Translation produces standard amino acid codes with the two non-standard exceptions (. and ~) listed below. The translation engine stops when it encounters a stop codon, but corrects itself to continue in-frame when a frameshift is encountered.

Character Interpretation
. Missing alignment data
- Gap in alignment (ex: deletion)
~ Partial codon (ex: frameshift)
X Ambiguous codon translation


  1. Inspect minor variation at single nucleotides, insertions and deletions relative to the sample’s generated consensus sequence. These tables are for your own usage and not necessary to review in detail. They can be sorted and filtered and exported to excel sheets for further analyses.

    • Minor variants greater than 5% frequency are shown
    • Indels greater than 20% frequency are shown

Save your sequences in a fasta file

  • Export IRMA’s amended consensus nucleotide sequences and amino acid fasta files. This includes only those passing MIRA’s QC criteria and are ready for submission to public databases!

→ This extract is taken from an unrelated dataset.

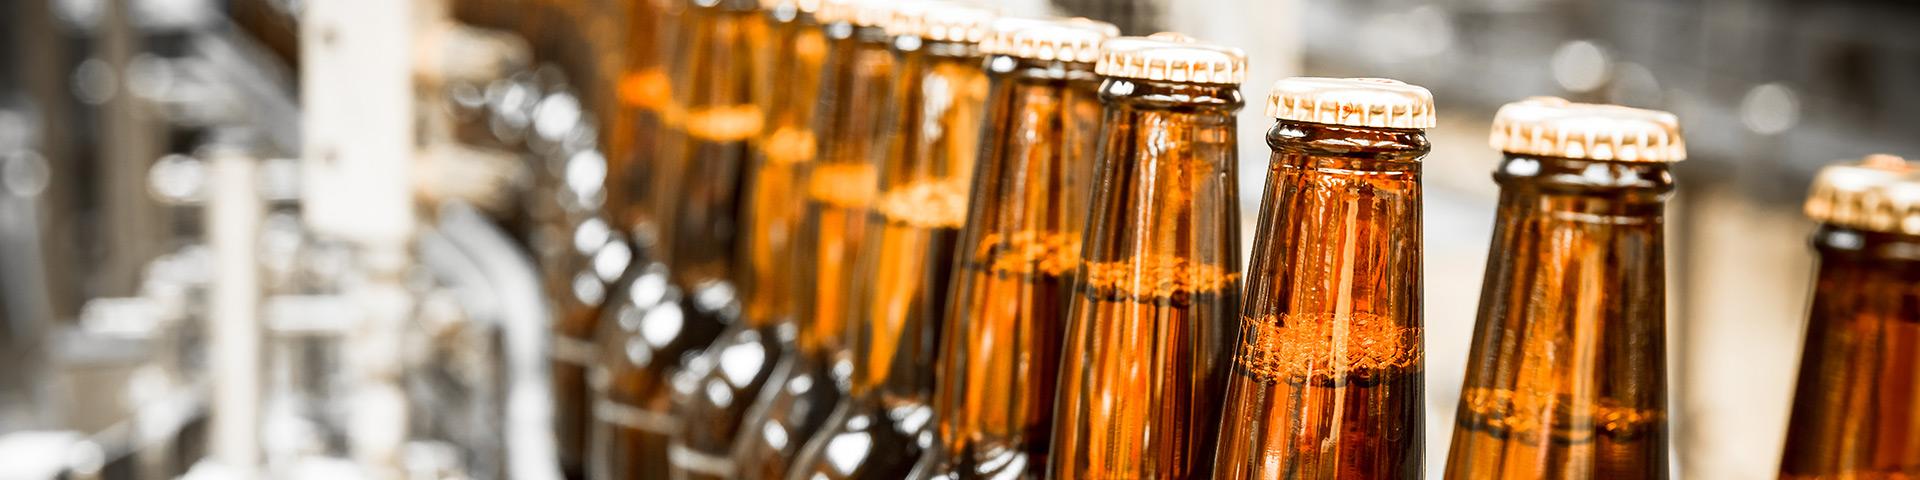 Cerveza artesanal Alfa Laval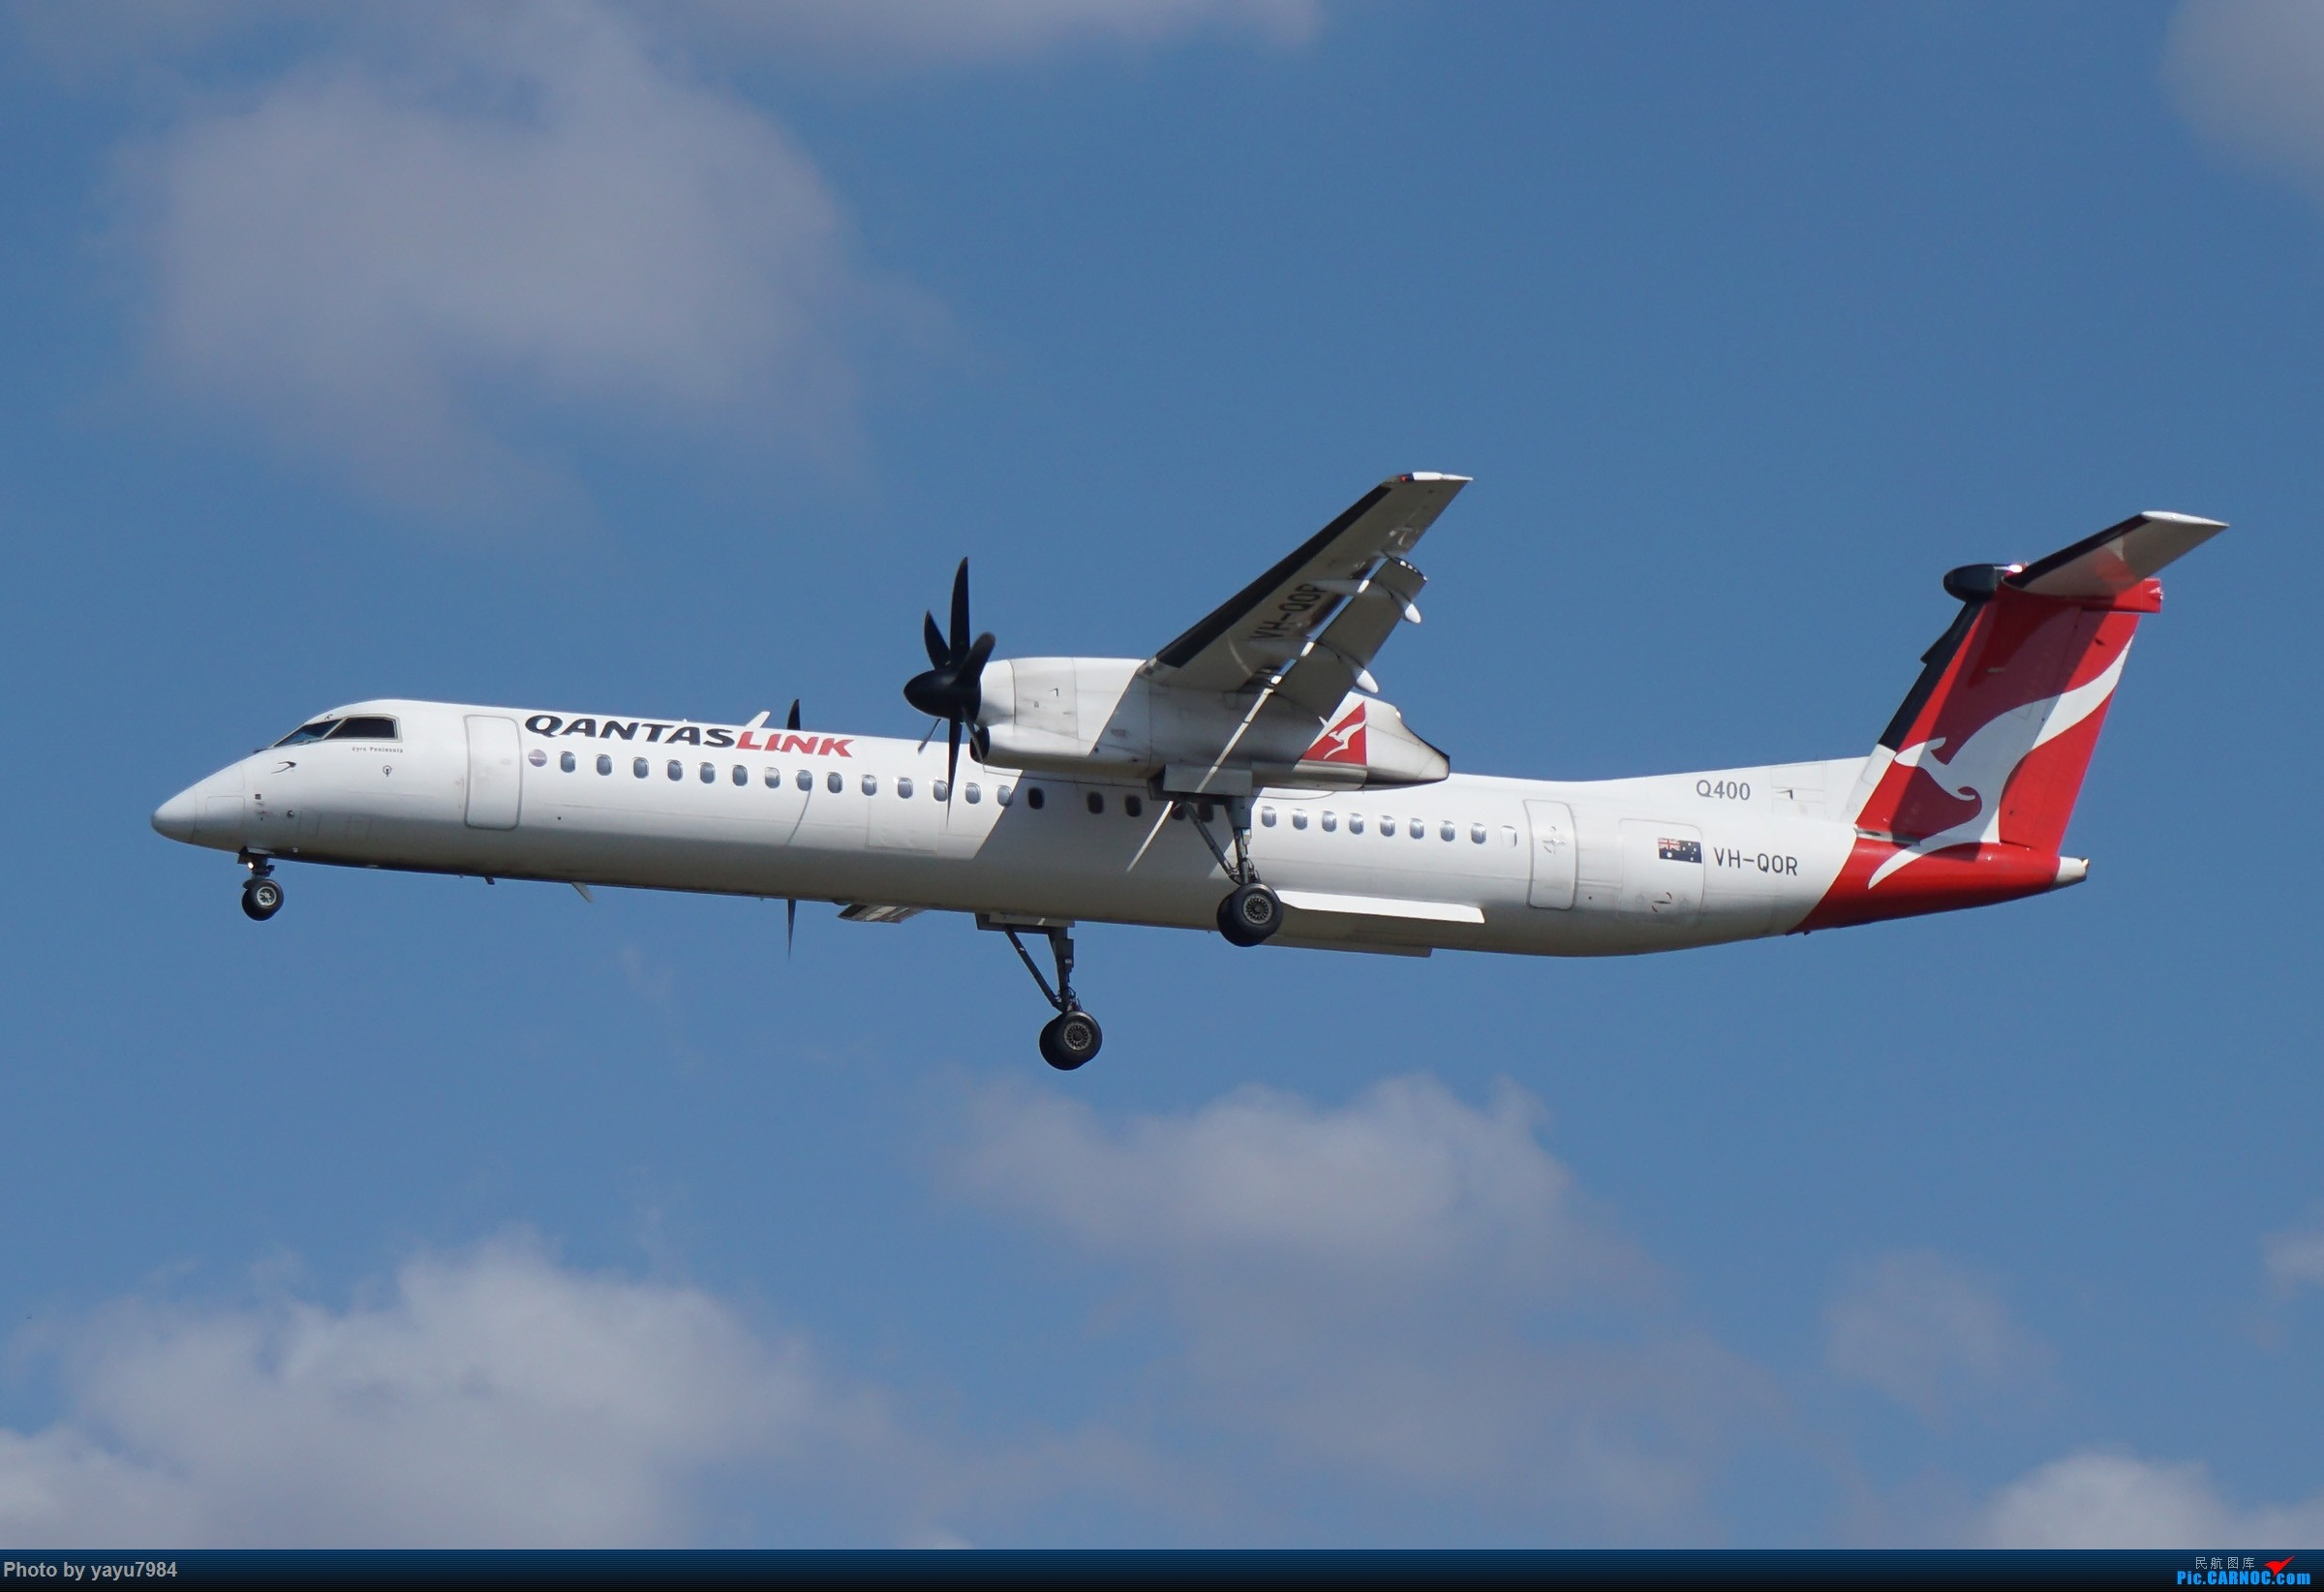 Re:[原创][SYD] 东航天合332,雪绒花343,华航蓝鹊,以及其他日常货 DE HAVILLAND CANADA DHC-8-400 VH-QOR 澳大利亚悉尼金斯福德·史密斯机场

    • The DOWNLOAD FASTAS button will only return passing samples. To investigate failed sequences, click the DOWNLOAD FAILED FASTAS button. Do not submit failed samples to public repositories!

    • You can open and view these Amino Acid and Nucleotide fastas in any sequence viewing application


Archiving Files

Files that we recommend keeping:

  • The original raw FASTQ files and the samplesheet.csv.
  • All files within the dash-json folder.
  • The amended consensus fasta files

You should keep any of the fasta files, excel files or html files described above that you believe will be useful to you.

Files that can be discarded:

  • The IRMA folder and all of it’s contents.
  • The logs folder and all of it’s contents.
  • The .snakemake folder and all of it’s contents
  • Any .fin files


Wow! You are doing such great work. Time to share your sequences with the world by uploading to GISAID and/or NCBI and to start analyzing your own data!